One of the pleasures and attractions of life on the canals - whether on the water or beside it - is enjoying the peace and tranquillity of the natural environment. Whether passing through the countryside or the centre of towns, the canals are home to a wide variety of plant and animal life.
Since closure of the canals to navigation in the 1960s, the natural habitats along their banks and towpaths have been largely undisturbed, allowing them to flourish so that they are now considered as important wildlife corridors. There are five designated Sites of Special Scientific Interest (SSSI) along the canals and these are protected under law.

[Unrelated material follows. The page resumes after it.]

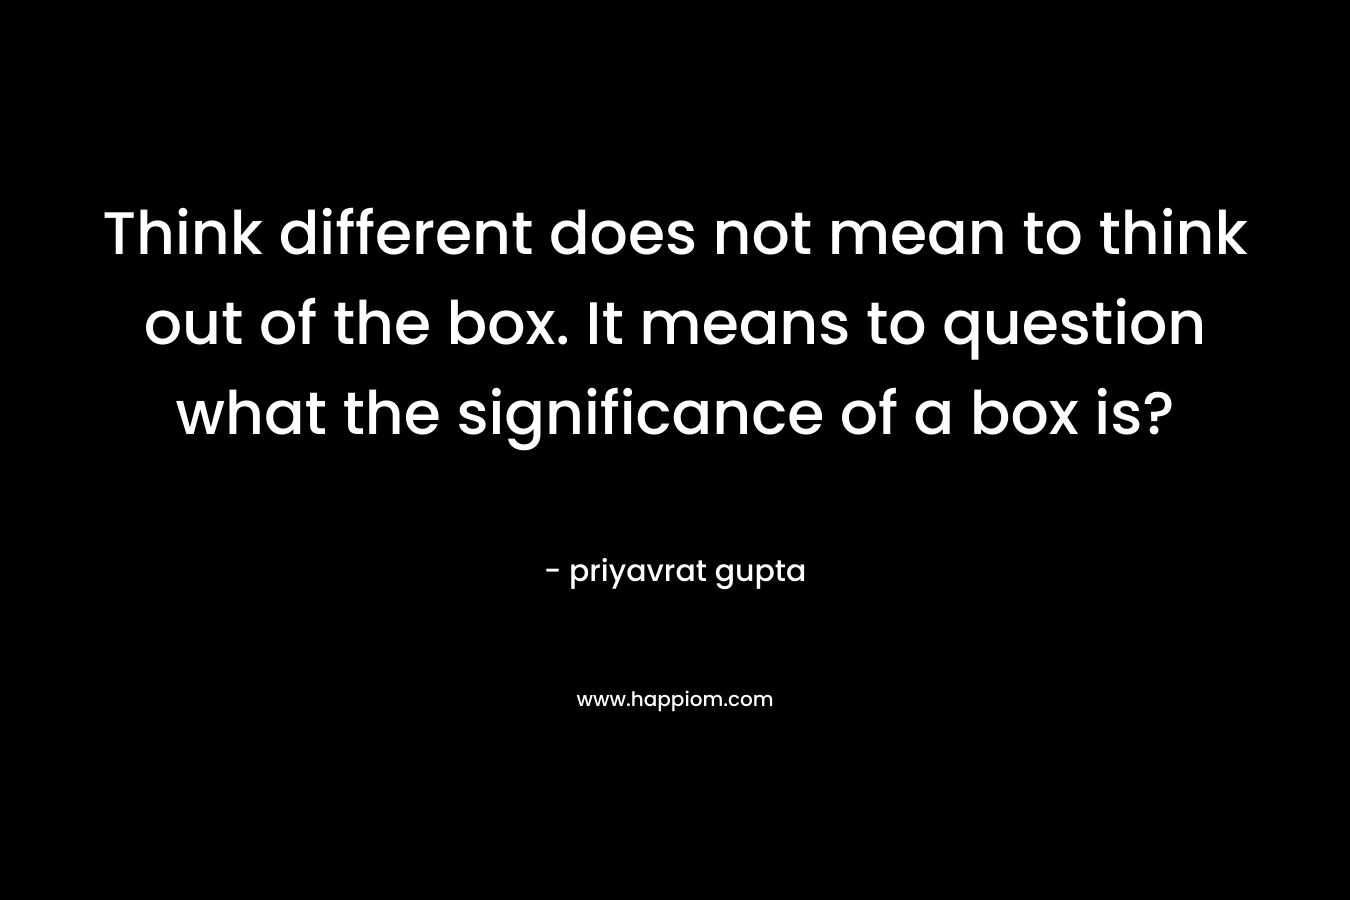 Think different does not mean to think out of the box. It means to question what the significance of a box is?

The canals have a rich diversity of wildlife. Flowers such as orchids and yellow flag irises found along the marshy edge of the canals provide a variety of habitats for many spectacular insects and birds. Clouds of azure damselflies can be seen flying close to the water's surface in summer. Waterfowl, such as mallards, moorhens, coots and little grebes, share the canals with the swans which nest there.

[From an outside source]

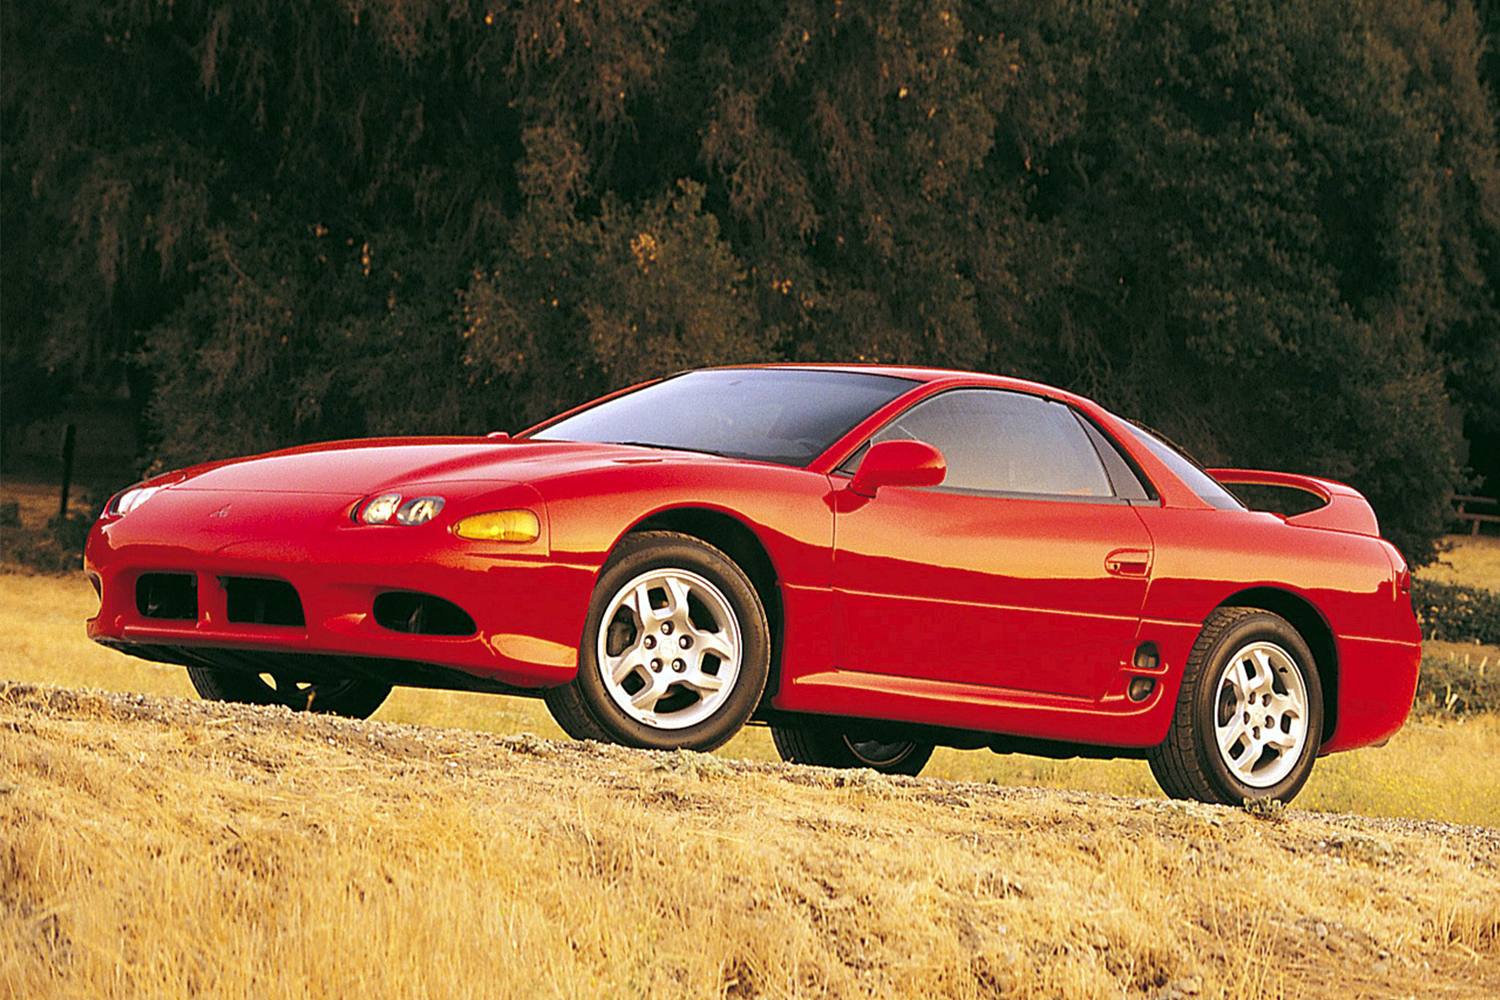 A 1993 Mitsubishi 3000GT in red

Kestrels are also a common sight, hovering above the towpaths and adjacent fields, scanning the ground for their prey of mice, voles and other small wildlife.

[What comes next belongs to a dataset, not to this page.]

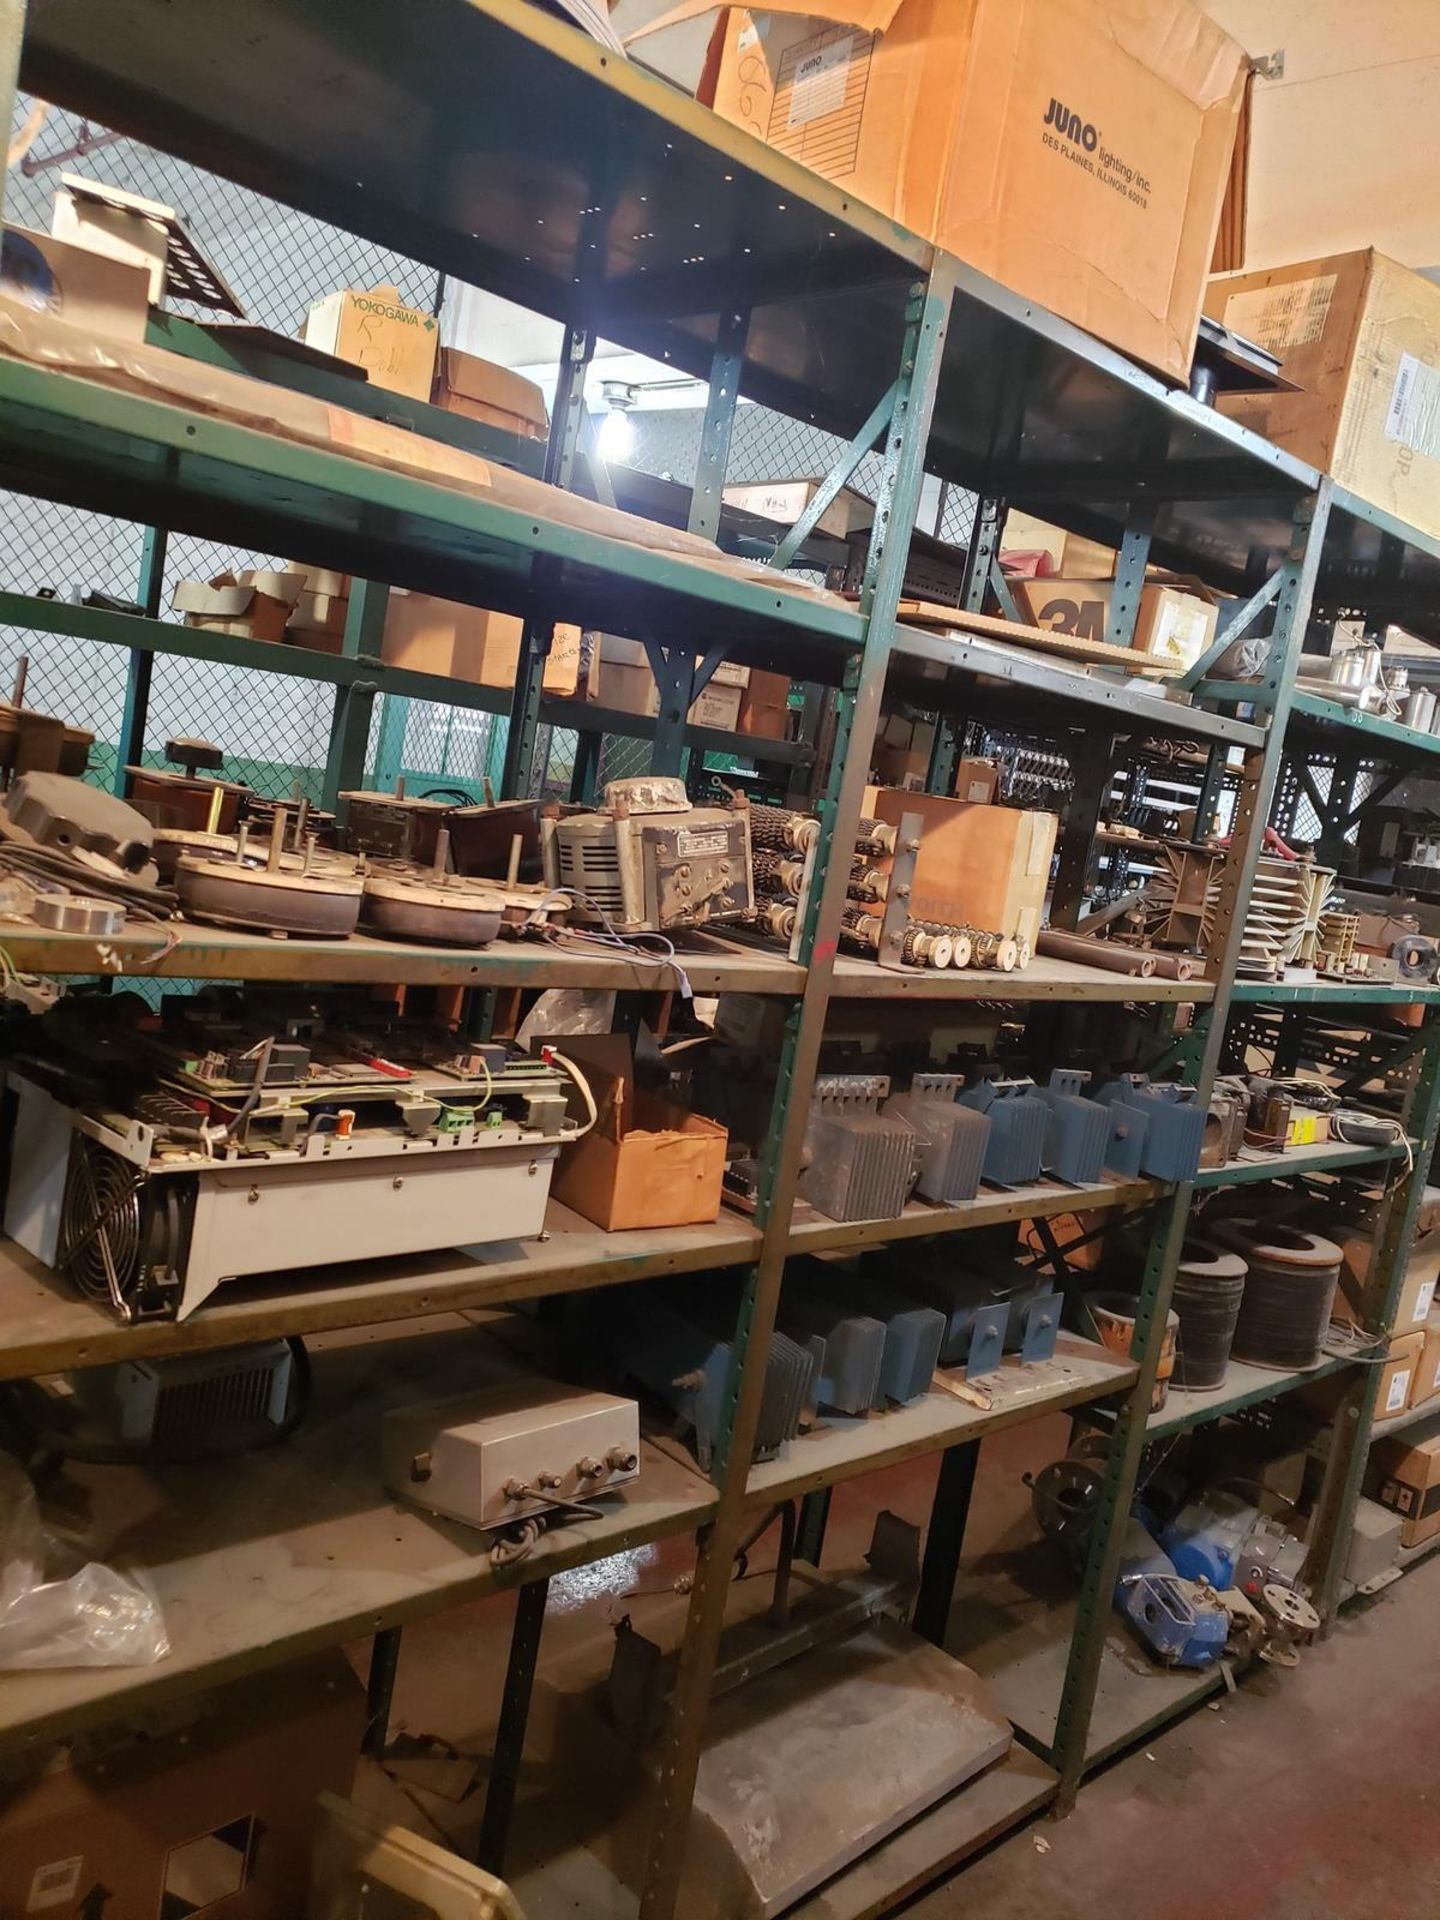 Contents of Spare Parts Storage Cage | Rig Fee $7500 - Image 11 of 20

The work of restoring the navigation is being carried out in partnership with local and national heritage and environmental protection bodies, including Scottish Natural Heritage, the Government agency responsible for maintaining and protecting the integrity of the natural environment. This partnership is ensuring that, wherever possible, work is being carried out during non-sensitive periods for particular wildlife, plant life is being shielded and, if necessary, removed to be replaced later. Habitats are being protected and disturbance to breeding and feeding grounds is being kept to a minimum.
Once restored, the canals will significantly improve the environment of Central Scotland, providing a major international recreational facility and bringing tangible, quantifiable and long-lasting benefits in terms of new jobs and investment. A neglected asset will be turned into a valued, green community resource which will benefit residents, walkers, sportsmen, holidaymakers, and boating enthusiasts alike.